JULY 30, 1863:
President
Lincoln, horrified by the murders of captured U.S.C.T. soldiers at the hands of
Southerners, issues an Order of Retaliation. Despite the harshness of the
language, Lincoln rarely resorted to capital punishment in practice:
“It is the duty of
every government to give protection to its citizens, of whatever class, color,
or condition, and especially to those who are duly organized as soldiers in the
public service. The law of nations and the usages and customs of war as carried
on by civilized powers, permit no distinction as to color in the treatment of
prisoners of war as public enemies. To sell or enslave any captured person, on
account of his color, and for no offence against the laws of war, is a relapse
into barbarism and a crime against the civilization of the age.
The government of the
United States will give the same protection to all its soldiers, and if the
enemy shall sell or enslave anyone because of his color, the offense shall be
punished by retaliation upon the enemy's prisoners in our possession.
It is therefore
ordered that for every soldier of the United States killed in violation of the
laws of war, a rebel soldier shall be executed; and for every one enslaved by
the enemy or sold into slavery, a rebel soldier shall be placed at hard labor
on the public works and continued at such labor until the other shall be
released and receive the treatment due to a prisoner of war.”

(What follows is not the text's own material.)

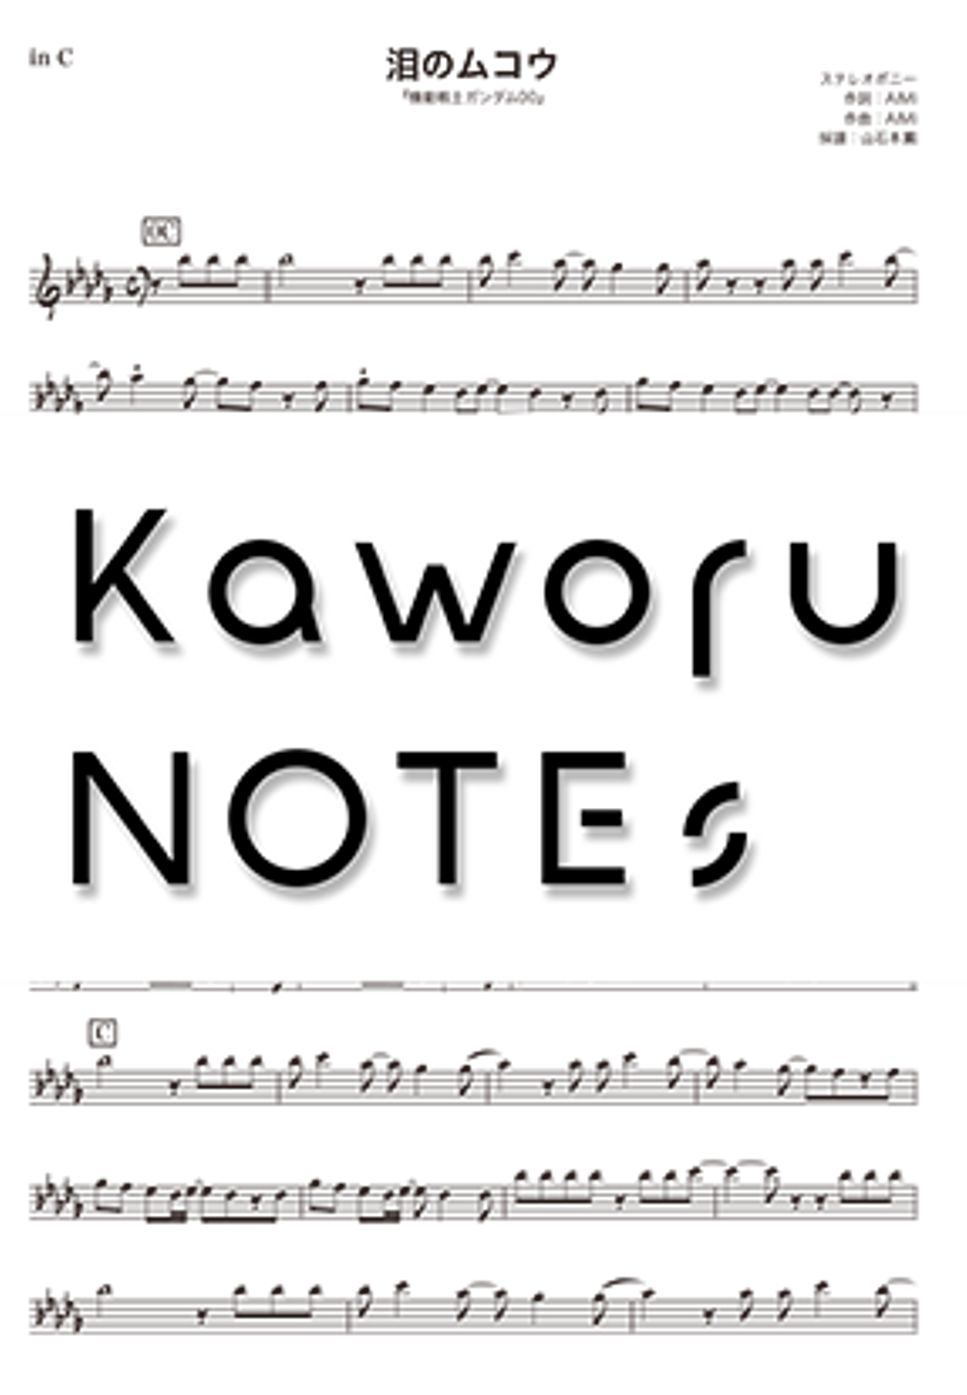 ステレオポニー - 泪のムコウ（in E♭『機動戦士ガンダム00』） by Kaworu NOTEs

An African-American woman from Buffalo, New York, writes to
President Lincoln regarding her son who fought at Battery Wagner:
Excellent Sir My good friend says I must write to you and
she will send it My son went in the
54th regiment. I am a colored woman and
my son was strong and able as any to fight for his country and the colored
people have as much to fight for as any.
My father was a Slave and escaped from Louisiana before I was born morn
forty years agone I have but poor
edication but I never went to schol, but I know just as well as any what is
right between man and man. Now I know it
is right that a colored man should go and fight for his country, and so ought
to a white man. I know that a colored
man ought to run no greater risques than a white, his pay is no greater his
obligation to fight is the same. So why
should not our enemies be compelled to treat him the same, Made to do it.
My son fought at Fort
Wagoner but thank God he was not taken prisoner, as many were I thought of this thing before I let my boy
go but then they said Mr. Lincoln will never let them sell our colored soldiers
for slaves, if they do he will get them
back quck he will rettallyate and stop
it. Now Mr Lincoln dont you think you
oght to stop this thing and make them do the same by the colored men they have lived in idleness all their lives
on stolen labor and made savages of the colored people, but they now are so
furious because they are proving themselves to be men, such as have come away
and got some edication. It must not be
so. You must put the rebels to work in
State prisons to making shoes and things, if they sell our colored soldiers,
till they let them all go. And give
their wounded the same treatment. it
would seem cruel, but their no other way, and a just man must do hard things
sometimes, that shew him to be a great man.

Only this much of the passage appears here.